Analytics & Monitoring

Track API usage, performance metrics, and error rates.

Version Management

/v1/api/users → User Service v1.0
/v2/api/users → User Service v2.0

Real-World Example

Mobile banking app API Gateway: - Authentication: Validates user credentials and device tokens - Rate Limiting: Prevents brute force attacks (10 login attempts/hour) - Request Routing: Routes account requests to Banking Service, payment requests to Payment Service - Response Caching: Caches account balance for 30 seconds - Logging: Records all transactions for audit purposes

12. Caching with Redis: Speed Through Memory

Caching Strategy Levels

Browser Cache

Client-side caching of static resources and API responses.

CDN Cache

Geographic distribution of static content.

Application Cache

In-memory caching within application servers.

Database Cache

Redis/Memcached for frequently accessed data.

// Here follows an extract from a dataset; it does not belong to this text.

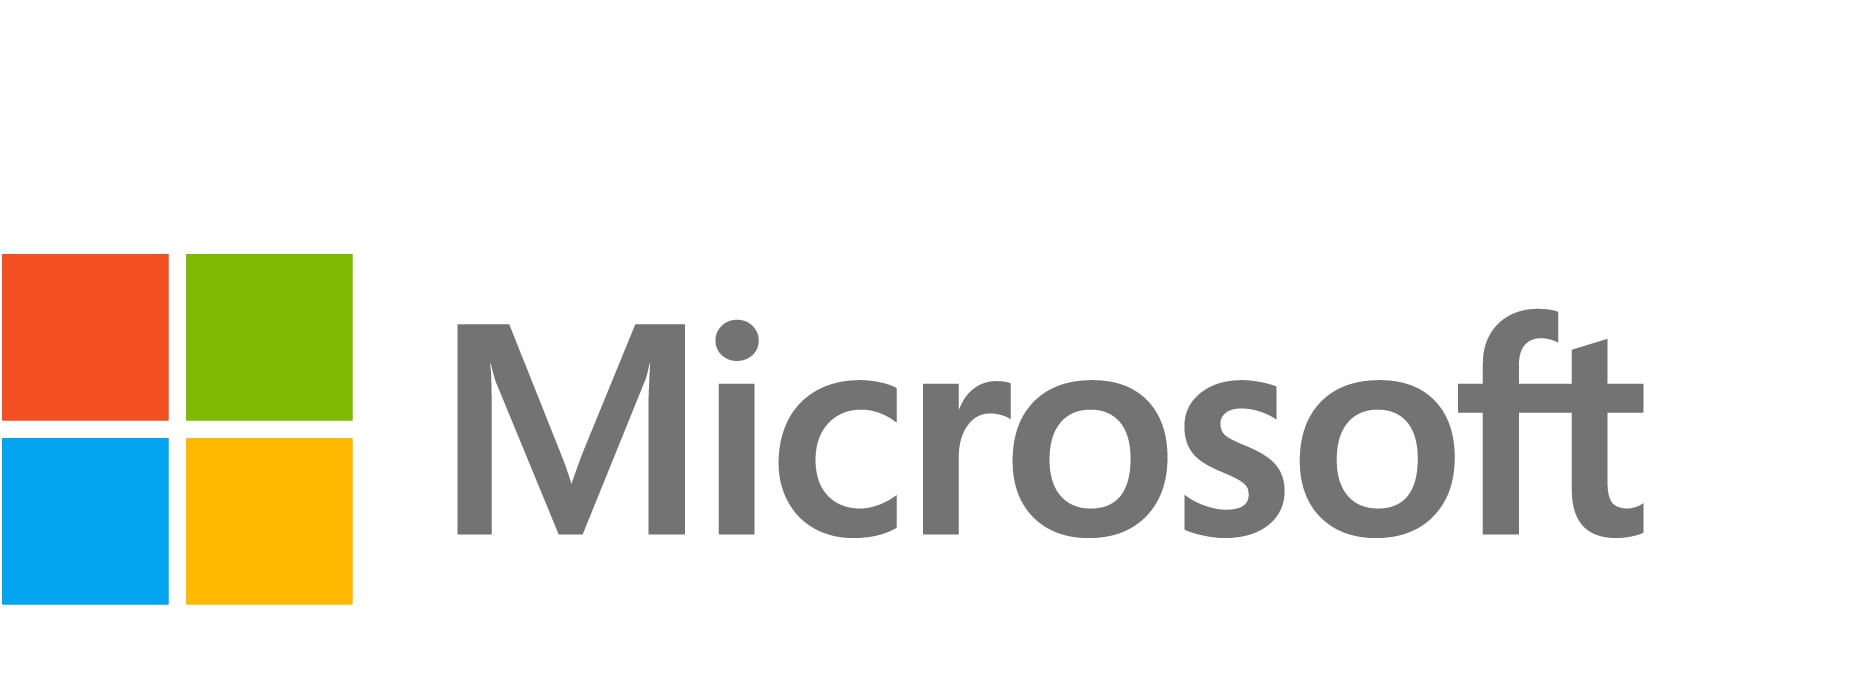 Microsoft SharePoint Online (Plan 2) - subscription license (1 month) - 1 u
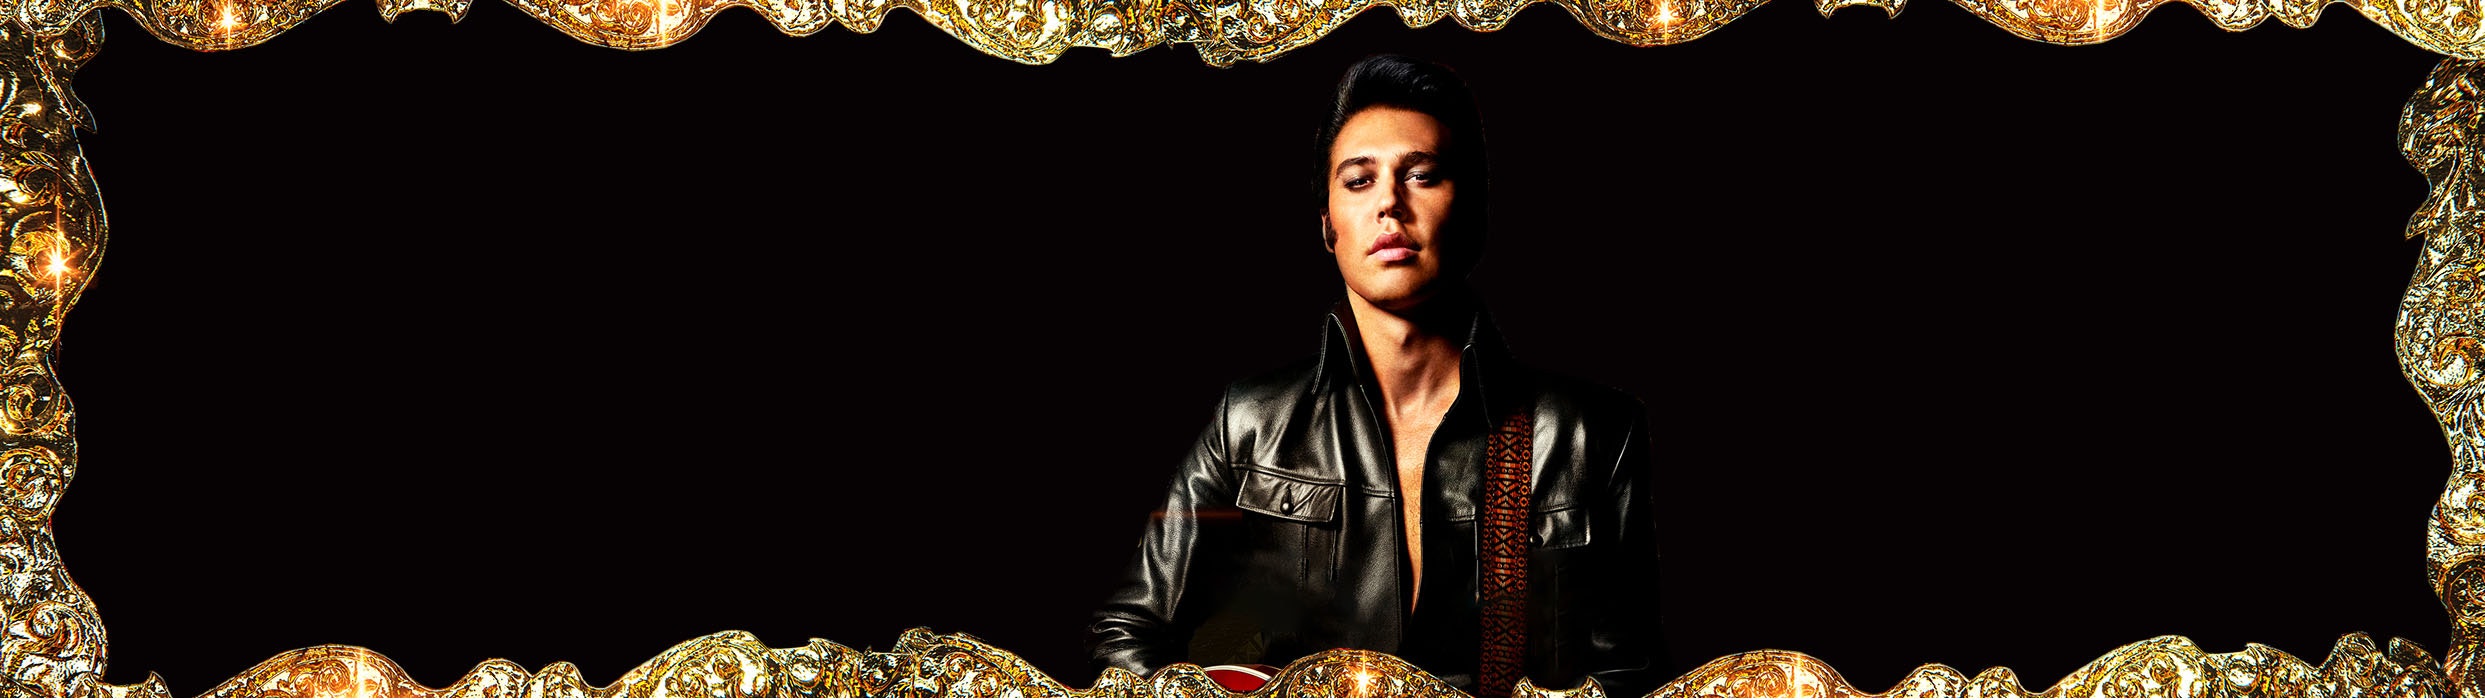 Elvis - background image

Redis as Distributed Cache

Cache-Aside Pattern

function getUserProfile(userId) {
    // Check cache first
    cached = redis.get("user:" + userId)
    if (cached) return cached

    // Cache miss - get from database
    user = database.getUser(userId)

    // Store in cache for future requests
    redis.set("user:" + userId, user, expiry=3600)
    return user
}

Write-Through Pattern

function updateUserProfile(userId, data) {
    // Update database
    database.updateUser(userId, data)

    // Update cache immediately
    redis.set("user:" + userId, data, expiry=3600)
}

Write-Behind Pattern

function updateUserProfile(userId, data) {
    // Update cache immediately
    redis.set("user:" + userId, data, expiry=3600)

    // Queue database update for later
    queue.add("update_user", {userId, data})
}

Real-World Example

Global streaming service architecture: - Auto-scaling: Video encoding services scale based on upload queue length - Multi-region: Content cached in 50+ regions worldwide - Service mesh: 300+ microservices with automatic discovery - Health monitoring: Services automatically restart on failures - Database replication: User data replicated across 3 regions

This guide provides a foundation for understanding modern system design. Each component serves specific purposes, and the art lies in combining them effectively based on your unique requirements, constraints, and growth trajectory.